Приман сомневался. Сомнения редко были присущи душам и касались лишь обустройства обители новоприбывших. Иного никто не допускал, ибо сомнения могли разрушить то, что построено. Но Приман сомневался, потому что не хотел, чтобы столь юная душа как Солфил сломалась от знания, которого пожелала. Но, понимая, что душа вправе желать знаний, он решился.
– Я увидел другой мир, – наконец, произнёс Приман. – Там были живые. Мы тоже могли бы там жить, но нам не позволили этого. Нас… прогнали, не захотели, – основатель старался говорить такими словами, которые бы юная душа могла принять и не произнёс того самого рокового слова. – Поэтому нам ничего не осталось, кроме как существовать в ином мире.
– Что означает «прогнали»? – не понял Солфил, он никогда не слышал такого слова.

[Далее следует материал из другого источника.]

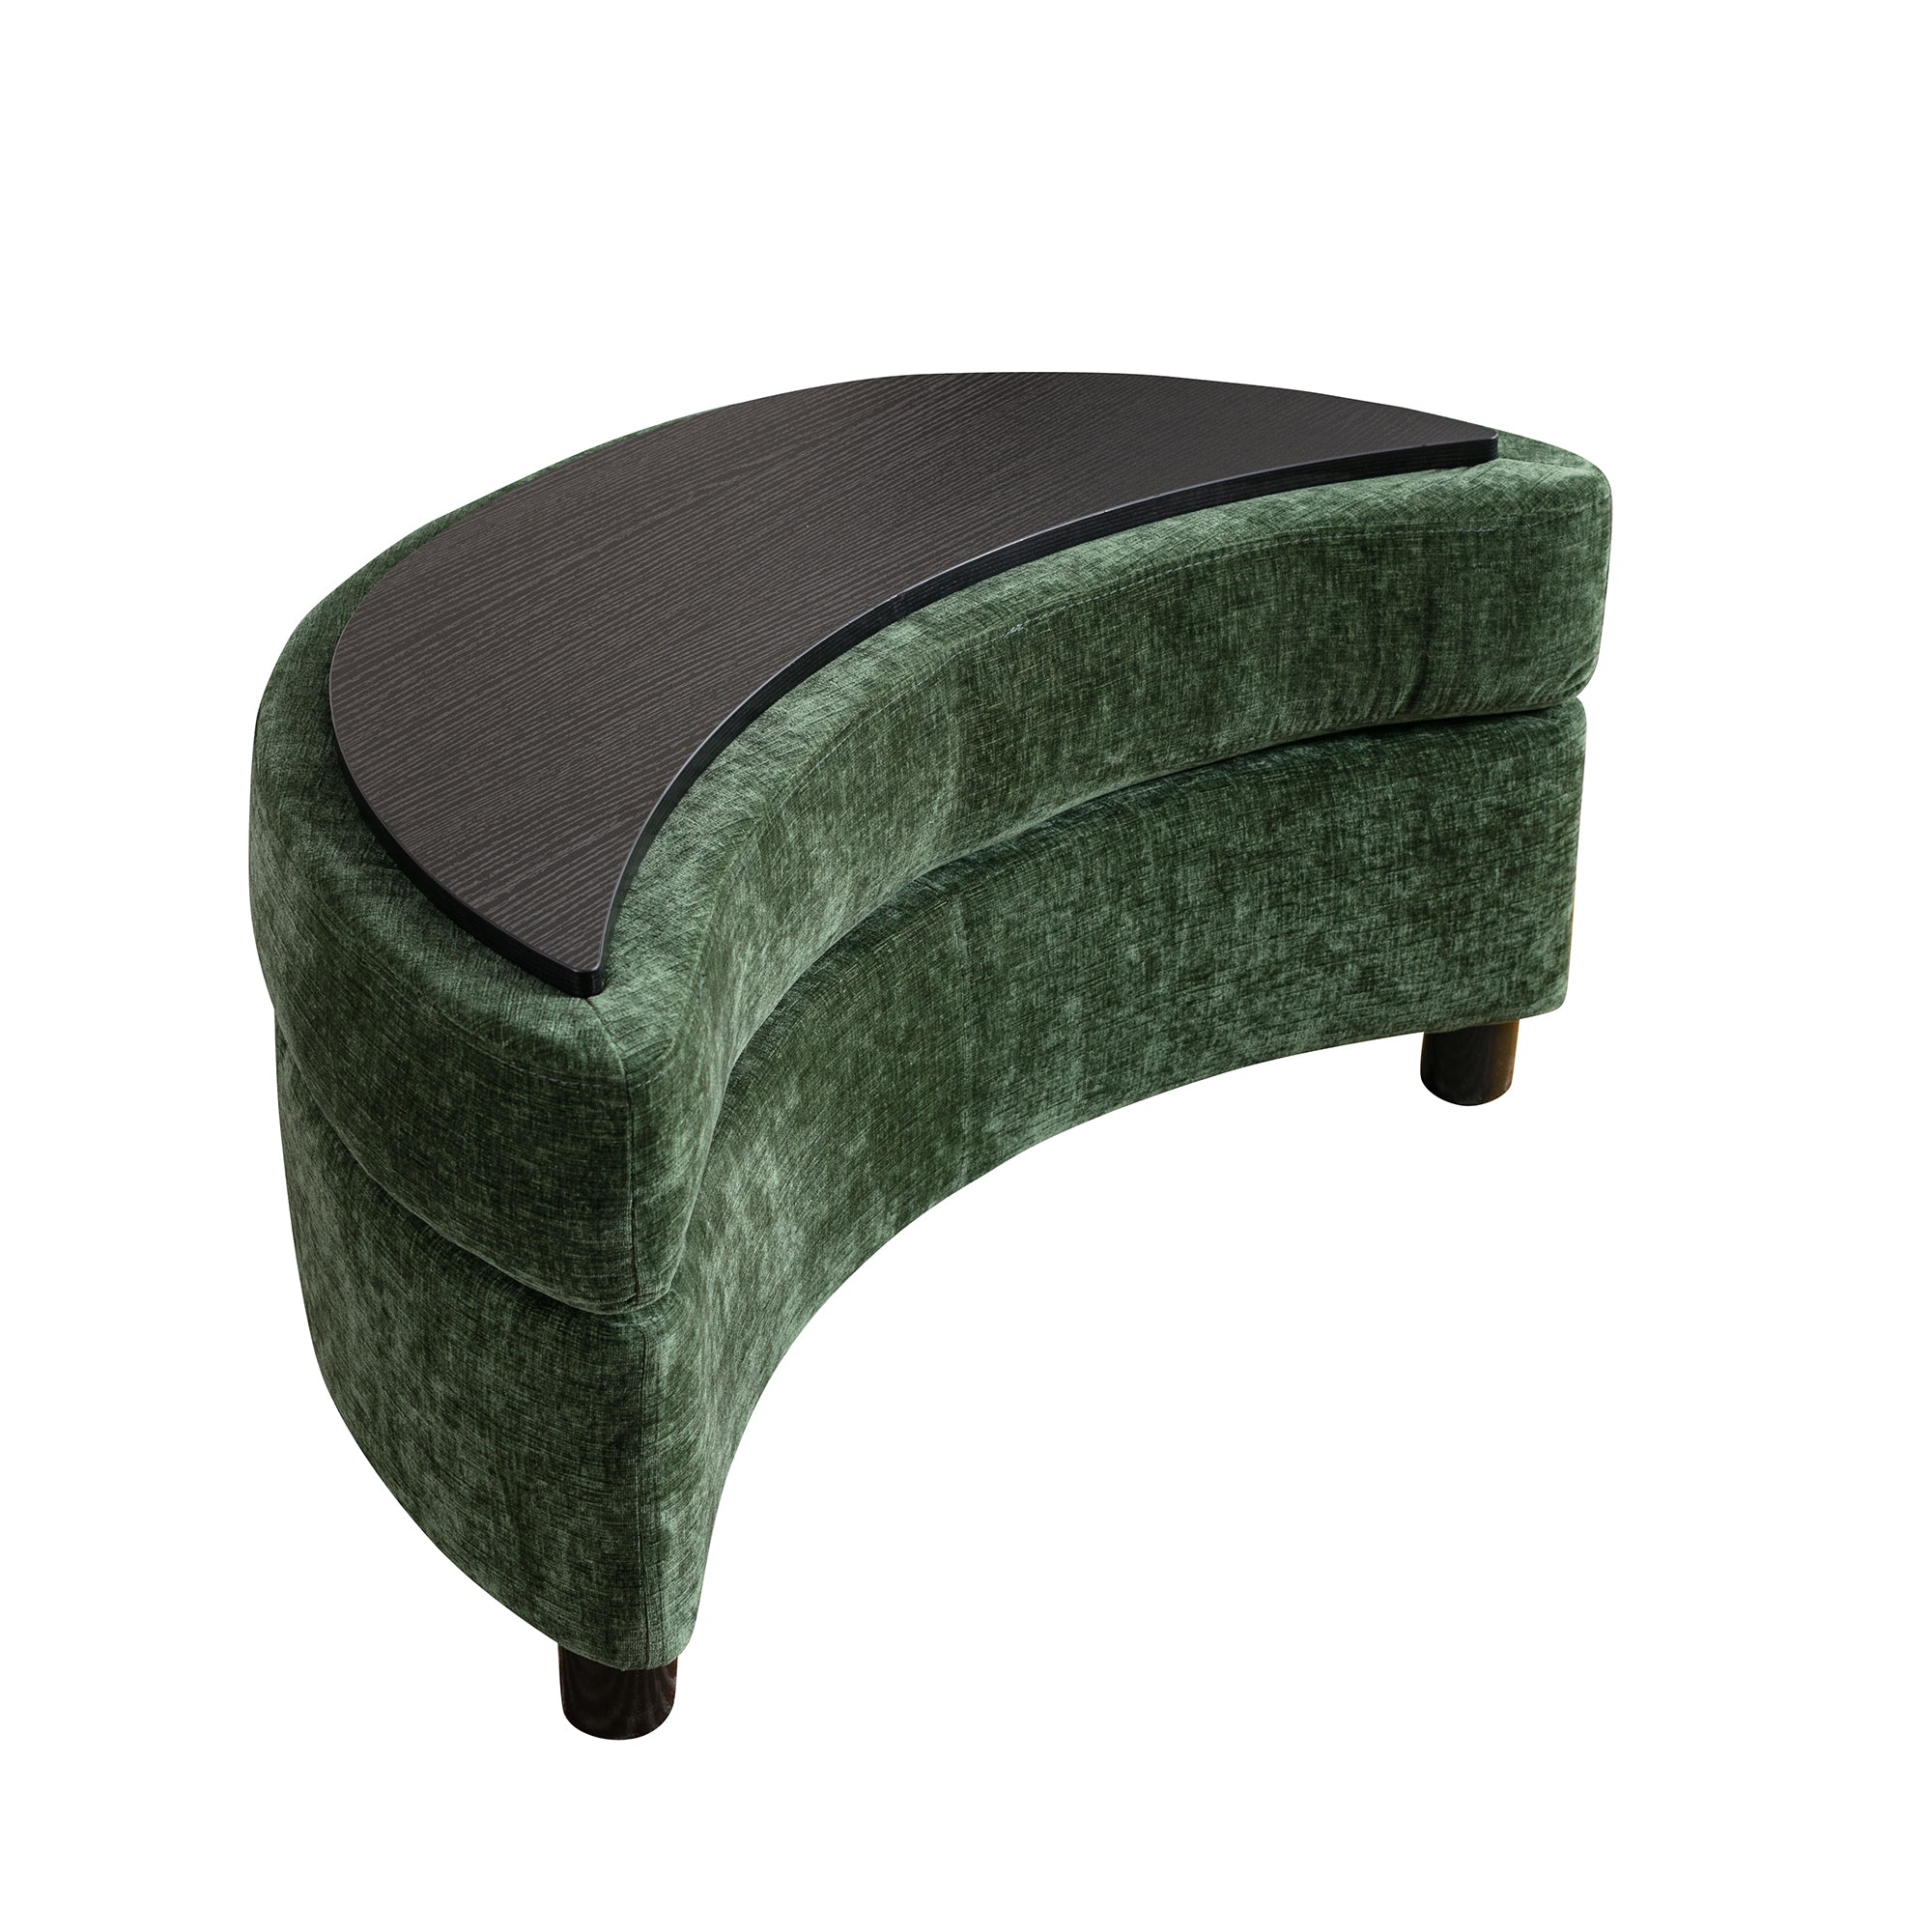 NOBLEMOOD 32.7" W Half Crescent Moon Storage Bench Large Upholstered Sofa Ottoman w/ Tray Serve for Living Room, Entryway, Hallway（Green）

– Это значит… что нас обрекли на пустоту, – вдруг сказал Приман.
– «Прогнать» значит «обречь на пустоту»…, – повторил Солфил, с трудом веря в услышанное.

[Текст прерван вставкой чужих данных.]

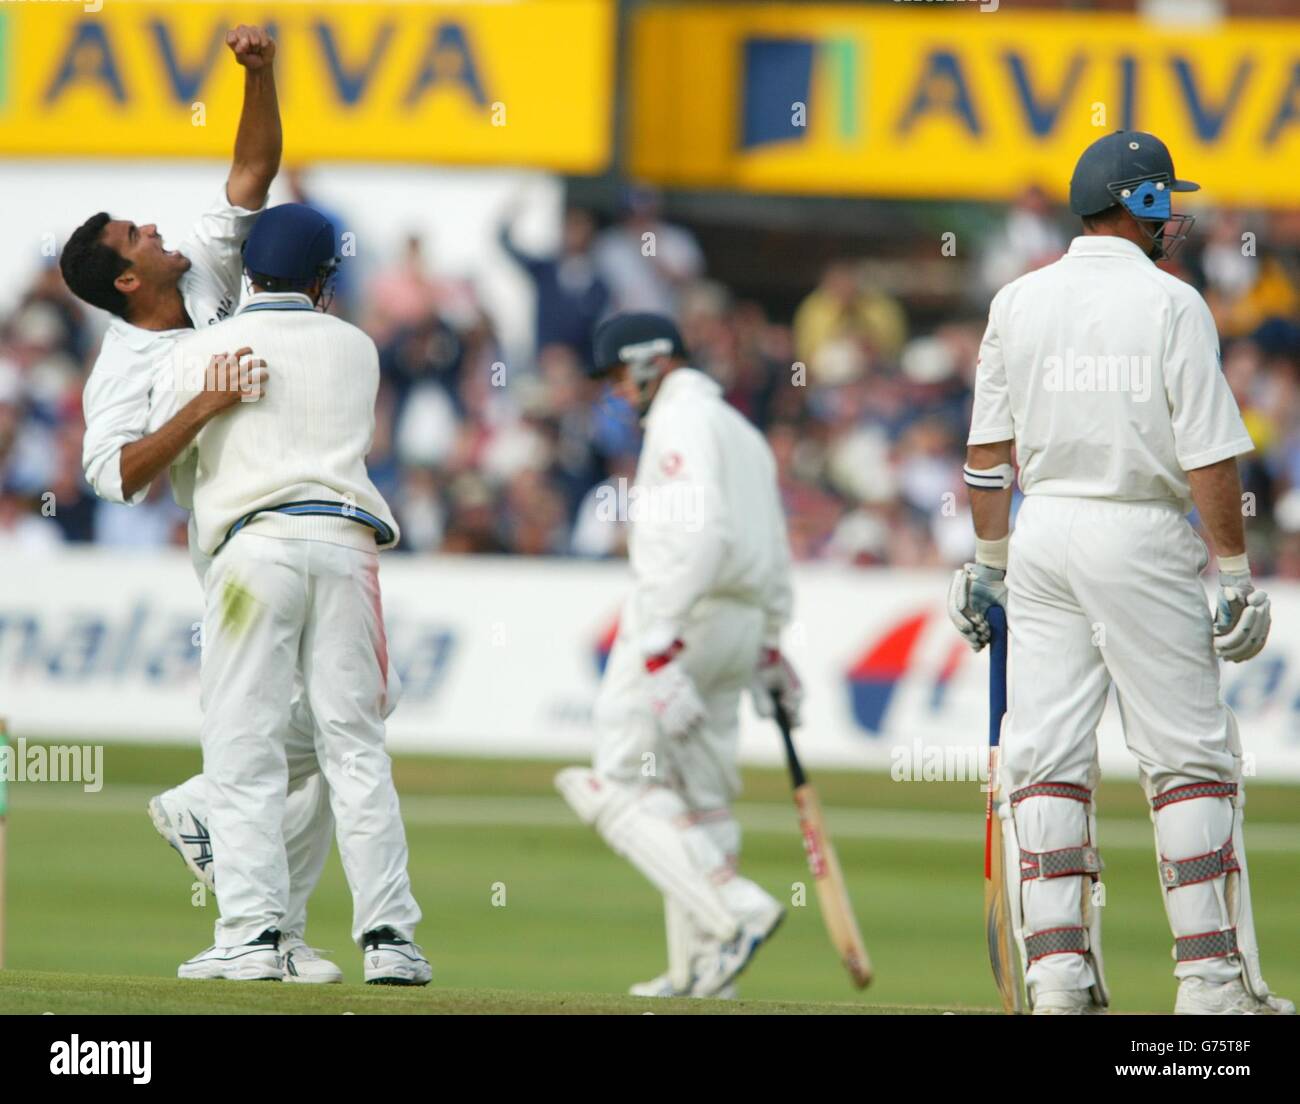 India's Zaheer Khan is congratulated by Varender Sehwag after trapping Nasser Hussain (right) lbw during the third day of the third npower test match between England and India at Headingley in Leeds. Stock Photo

В обители Примана стало холодно и зловеще до дрожи. На деле её ощутил лишь Солфил, Приман же вечность существует с этим знанием. Солфил ясно это почувствовал, будто ощутил раннее одиночество его души. И стало вдруг так тоскливо. Словно в замочную скважину двери одиночества и пустоты вставили ключ.
– Приман, пожалуйста, не говори это! – вскричал Солфил, содрогнувшись.
Его душа оказалась не готова к этому знанию. Её насквозь пробрал острый лёд, и заполнило воспоминание о пустоте внутри. Душа ясно как в первый раз ощутила всё отчаяние и боль одиночества, того самого одиночества, которое чувствует каждый, кого прогоняют из мира живых, не дают ощутить то самое живое тепло. Солфил почувствовал одиночество души, стоящей перед ним со спокойными глазами, борющейся с этим целую вечность. Душа же Солфила оказалась не готова.
– Прости, я не хотел тебя пугать, – мягко извинилась первая душа. – Обычно я не рассказываю этого. Теперь ты понимаешь, почему. Но запомни: слова «воодушевление», «радость», «наслаждение», «надежда», «любовь» – чувства и эмоции живых. То, что нас не коснулось.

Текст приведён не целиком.